Alguna vez, cuando jugaba en el patio de atrás con su padre y con Joey, Peter había intentado lanzar la pelota aplicándole ese tipo de giro, pero tenía la mano demasiado pequeña, o la pelota era demasiado grande, y la mayoría de las veces acababa cayéndole sobre los pies.

—Gracias al giro que las estrías del cañón le imprimen a la bala, ésta va recta, sin desviarse ni zigzaguear. —Su padre tomó una baqueta con un lazo de alambre en el extremo. Enganchó un parche en el lazo y lo empapó en disolvente—. Lo malo es que la pólvora ensucia el cañón por dentro —prosiguió—, por eso tenemos que limpiarlo.

Peter observó cómo su padre introducía con dificultad la baqueta en el cañón del rifle, empujando y tirando repetidamente, como si batiera mantequilla. Cambió el parche impregnado por otro seco y lo pasó también por el cañón. Luego repitió la operación una vez más con otro parche limpio, hasta que ya no salió manchado de negro.

—Cuando yo tenía tu edad, también mi padre me enseñó a hacer esto. —Tiró el parche a un cubo de basura—. Algún día, tú y yo iremos juntos a cazar.

Peter apenas podía contenerse sólo de pensarlo. Él, que era incapaz de lanzar una pelota, o de regatear jugando al fútbol, y ni siquiera sabía nadar muy bien, ¿iba a ir a cazar con su padre? Le encantó la idea de dejar a Joey en casa. Se preguntaba cuánto tiempo tendría que esperar, cómo sería la sensación de hacer algo con su padre que fuera sólo cosa de ellos.

—Ah —exclamó su padre—. Mira el cañón ahora.

Peter tomó el rifle por la punta, y miró por la abertura, con el cañón apoyado en el ojo.

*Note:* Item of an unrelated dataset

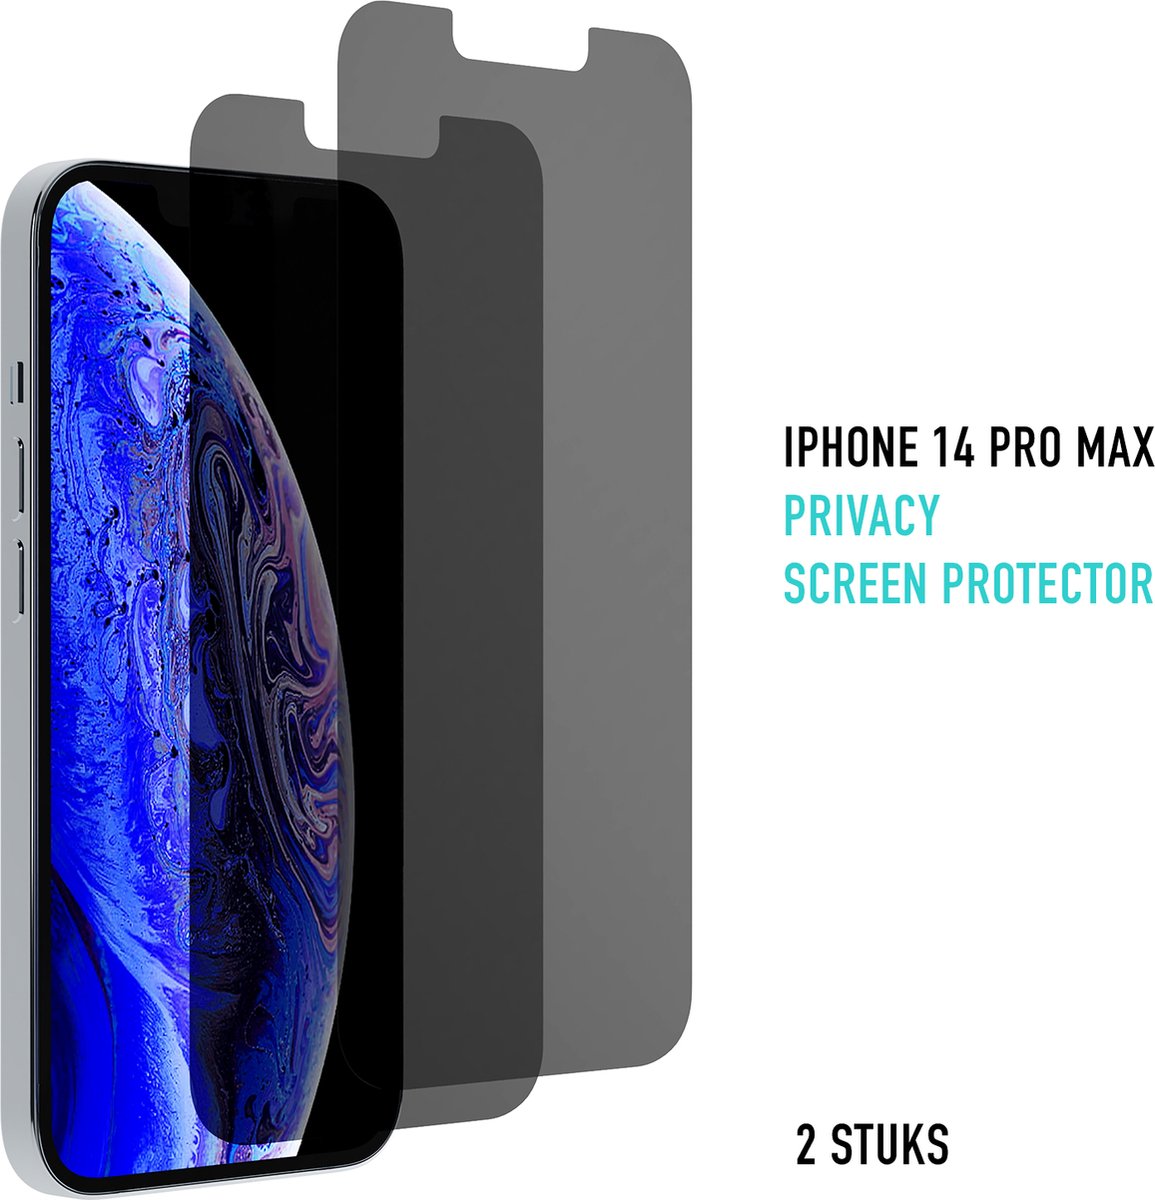 Spy-fy Privacy Screenprotector iPhone 14 Pro Max met Privacy Filter | Two-pack privacy screens | Met installatiekit | Privacy Screen voor iPhone | Brievenbus geleverd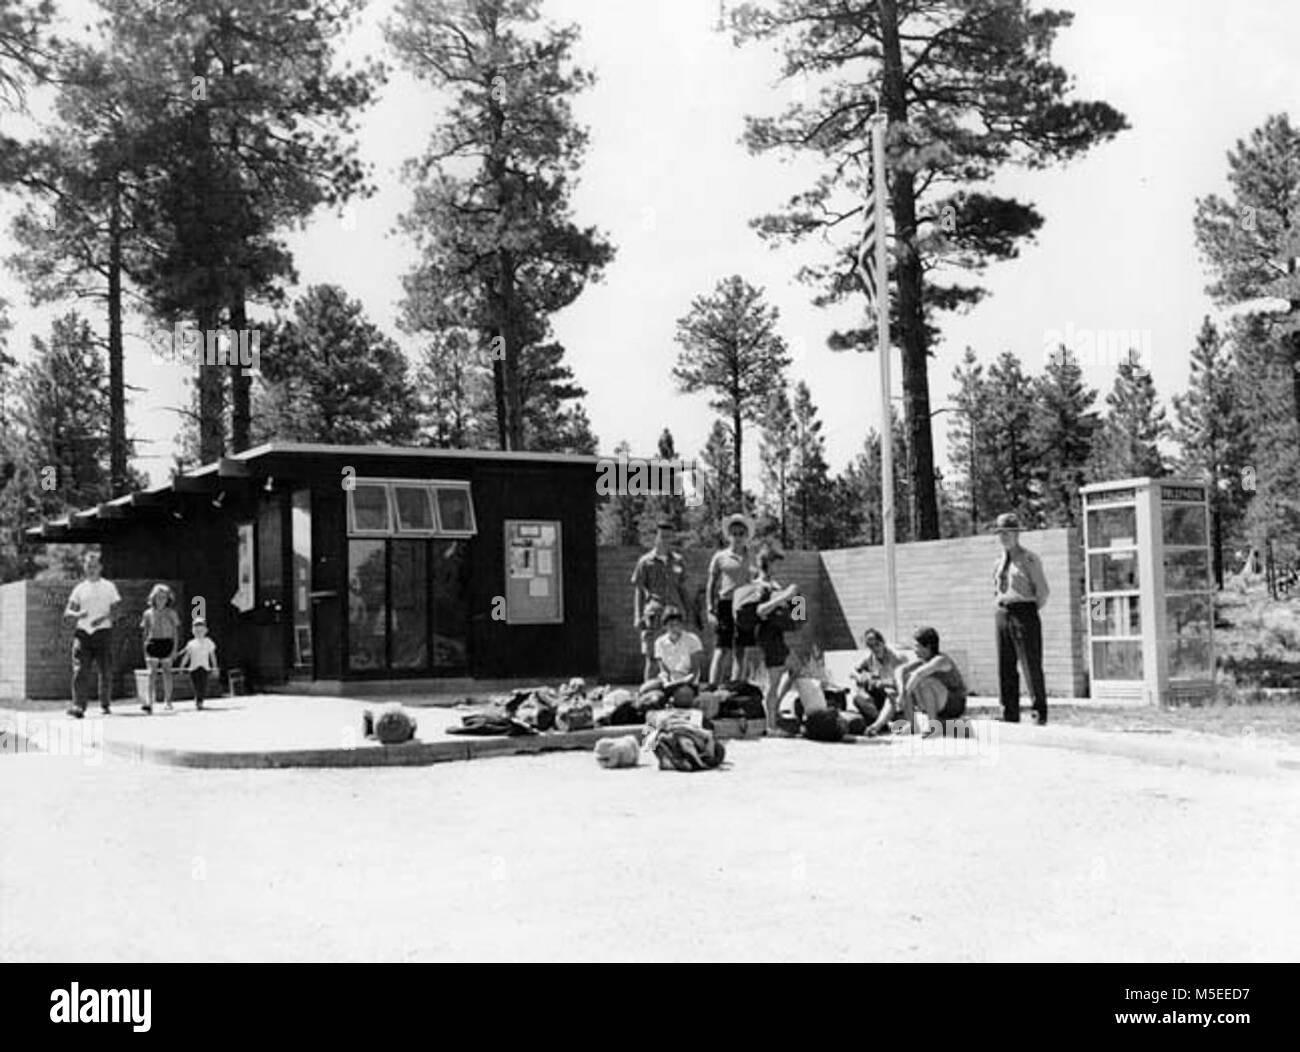 Grand Canyon- Téma Station Camping VISITEURS À MISSION 66 MATHER CAMPGROUND RANGER STATION, S RIM, GRCA. 07 septembre 1961. . Banque D'Images

—¡Por Dios, Peter! —exclamó su padre, arrebatándole el arma de las manos—. ¡Así no! ¡Lo agarraste al revés! —Le dio la vuelta al rifle de forma que apuntara hacia otro lado—. Aunque esté descargado, y sea completamente seguro, nunca jamás mires por el orificio del cañón. Y no apuntes nunca un arma hacia nada que no quieras matar.

Peter entornó los ojos, mirando en el interior del cañón por el lado correcto. Lucía un destello plateado brillante, cegador. Perfecto.

Su padre engrasó también con un paño la parte exterior del cañón.

—Ahora, aprieta el gatillo.

Peter se quedó mirándolo. Hasta él sabía que eso no tenía que hacerlo.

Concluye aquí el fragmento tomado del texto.